Drugs, Gangs on the Rise in Schools
Survey Shows Increase in Gang Activity and Drug Use in Nation's Schools
Survey: Gangs Are Everywhere continued...
In 2002, Smith moved to the historic town of Franklin, Tenn., near Nashville -- a popular destination for tourists and one of the last places one would expect to find gangs.
On his first visit to a local park with his then young sons, Smith spotted gang graffiti.
The 2008 gang-related shooting death of a student from a Franklin high school shocked the sleepy community.
A member of a gang, the student was returning home from a party when he was shot by rival gang members who pulled up beside his SUV and opened fire.

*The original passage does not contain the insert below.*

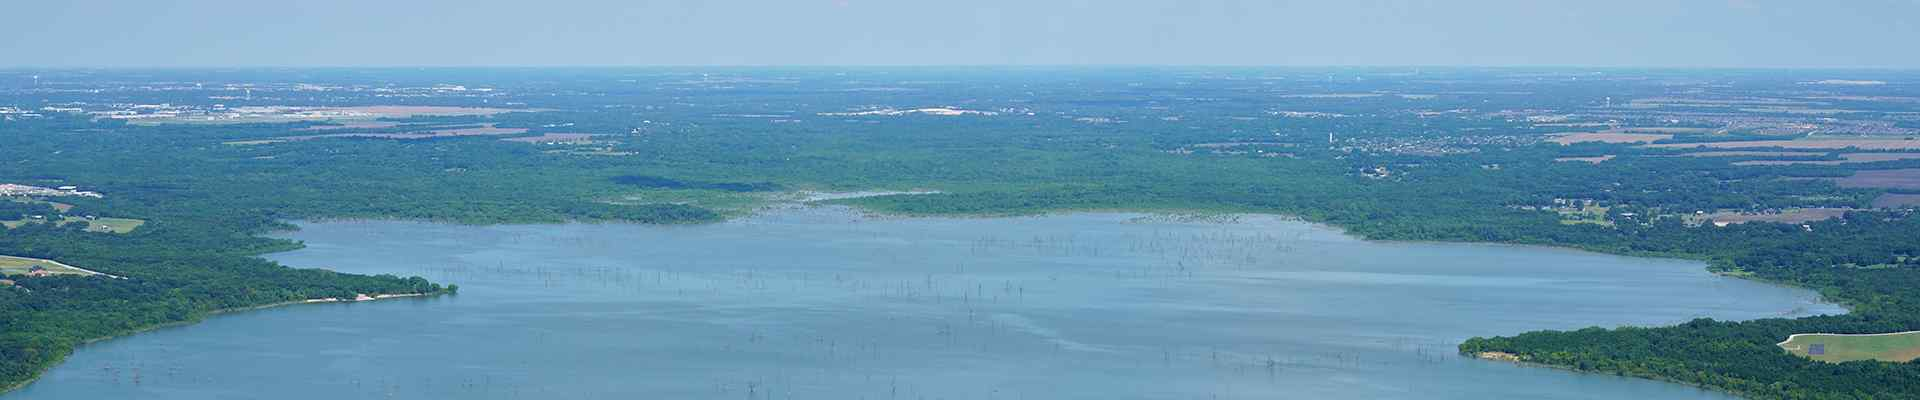 skyline view of lucas texas

"Parents who live in wealthy communities shouldn't think their schools are immune to gang activity," Smith tells WebMD. "Schools are only immune when the parents and school administrators refuse to accept the presence of gangs."
Public Schools vs. Private Schools
The survey highlights a widening gap between public and private schools with regard to drug and alcohol use.
In CASA's 2001 survey, 62% of public school students and 79% of private and religious school students said they attended drug-free schools. In the latest survey, less than half of public school students (43%) and 78% of private school students said their school was free of drugs.
Teens in public schools were 23 times more likely to report gang activity in their schools than teens in private schools.
Califano says parental involvement may be as important as economic advantage in explaining the gap. He points to New York City parochial schools where parents who can't afford tuition work to pay for their children to attend.
"These schools are in really poor neighborhoods, right next to failing public schools," he says. "Yet they are graduating almost all of their kids."
This year's survey found that parental involvement and strong family ties were among the strongest influences in whether teens smoked, drank alcohol, or used recreational drugs.
Compared to teens with strong family ties, those with weak ties were four times as likely to try tobacco or marijuana and three times as likely to drink alcohol.
CASA Director of Marketing Kathleen Ferrigno says simple things like knowing your teen's friends and eating family meals together can have a big impact.